Charlie Bilello of Creative Planning highlighted that “Gold (+48%) and Bitcoin (+31%) are the best performing major assets so far in 2025. We have never seen these two assets ranked first and second in any single year.”

Many would argue that past performance is no indicator of future performance. While this is true, global structural trends suggest that both Bitcoin and gold will rise.
Felix Jauvin of Forward Guidance writes:
“Every country is turning ‘overheating.’ We will run as many deficits as possible in an attempt to escape debt. Central banks are abandoning inflation control, and fiscal dominance is coming. Nominal assets will do well, and devaluation hedges will do even better. The world of 2010-2020 is gone. Reset your priors. Let’s go.”
If you’ve been following the web for the past decade, none of this is new. Bitcoin holders, and their gold predecessors, have been vocal about currency debasement for years. But the difference today is that major financial institutions have lent credibility to the argument.
Using Morgan Stanley as an example, Ash Crypto writes:
“Morgan Stanley’s $1.3 trillion global investment committee recommends allocating 2-4% of client portfolios to cryptocurrencies, saying Bitcoin is a scarce asset comparable to digital gold.”
BTC Archive also notes that “Morgan Stanley said it would ‘support’ its 16,000 financial advisors, who manage $2 trillion, if they wanted to invest in Bitcoin and cryptocurrencies.”

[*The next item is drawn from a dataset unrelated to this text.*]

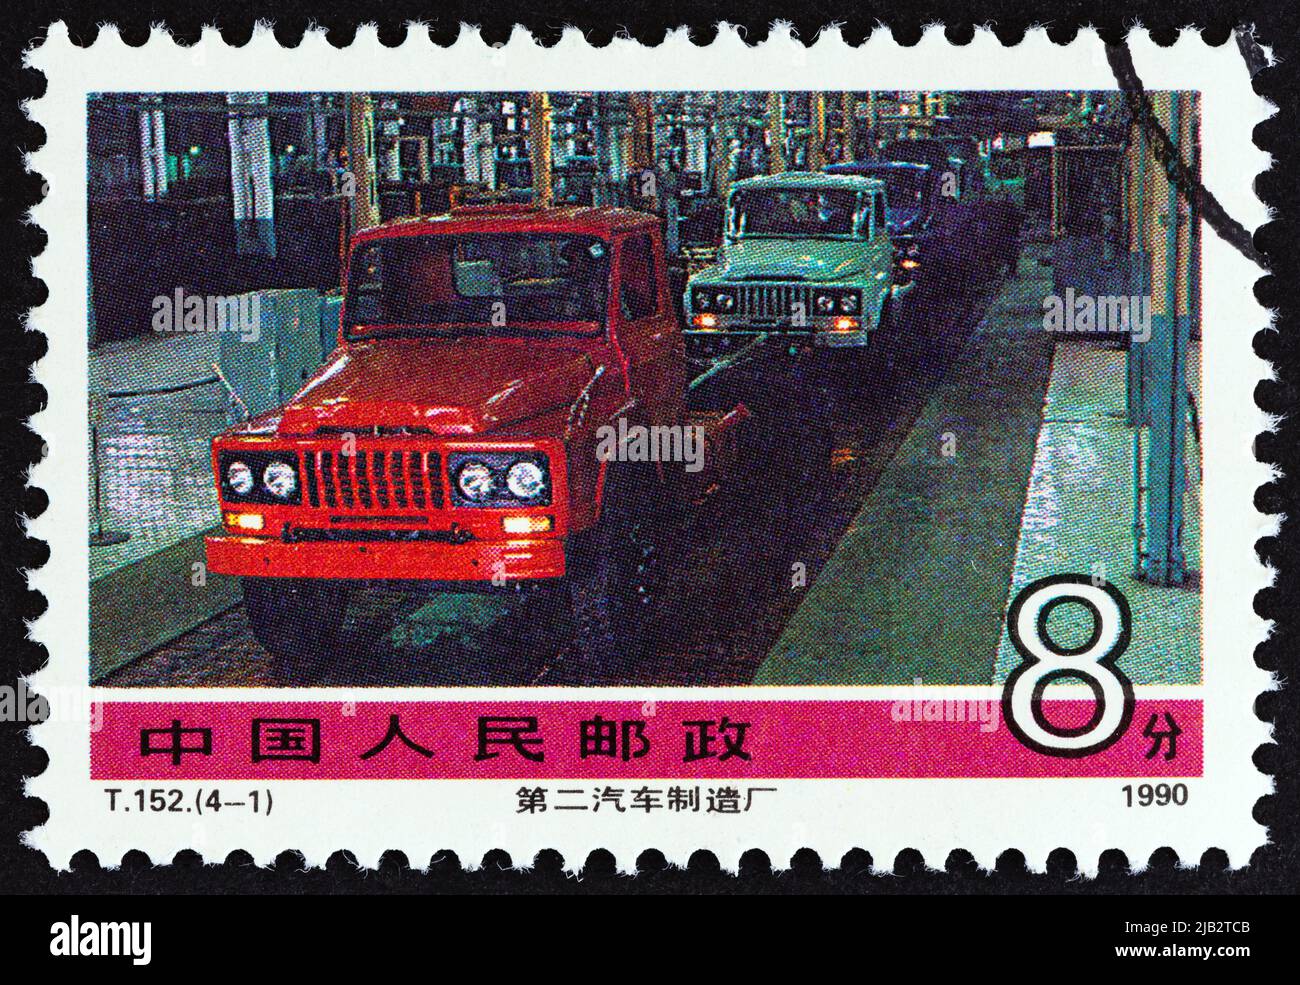 CHINA - CIRCA 1990: A stamp printed in China from the 'Achievements of Socialist Construction' issue shows Second automobile factory, circa 1990. Stock Photo

The two closest siblings in the family of global financial assets (gold and BTC) are now sending the same message: global currency debasement has reached the point of no return."
Old World Investing Theory
No return. This may sound hyperbolic to some of you, but I don't think it's entirely wrong. An entire generation of investors has realized that a significant portion of the market's financial returns are simply currency debasement. If that's the primary driver of returns, then all your old-world investing philosophies are questionable.

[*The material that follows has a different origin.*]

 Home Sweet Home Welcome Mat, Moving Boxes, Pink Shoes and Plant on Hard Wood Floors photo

Opening Bell's Phil Rosen is a prime example of this by valuing the S&P 500 in Bitcoin instead of dollars.

If you can't beat it, you have to buy it
So, as I've been saying lately, Bitcoin is the minimum yield. If you can't beat it, you have to buy it. I think the next 12 weeks are going to be very interesting for Bitcoin holders.
Interest rates are falling. Currency debasement is accelerating. Institutional investors are embracing debasement trades. Bitcoin ETFs are seeing record inflows. Retail sentiment is rising as investors buy into the "Q4 is good for Bitcoin" narrative. The M2 money supply is expanding rapidly.
Gold is up over 50% this year. Now it's Bitcoin's turn. Hold on to your Bitcoin, because the market is about to go crazy.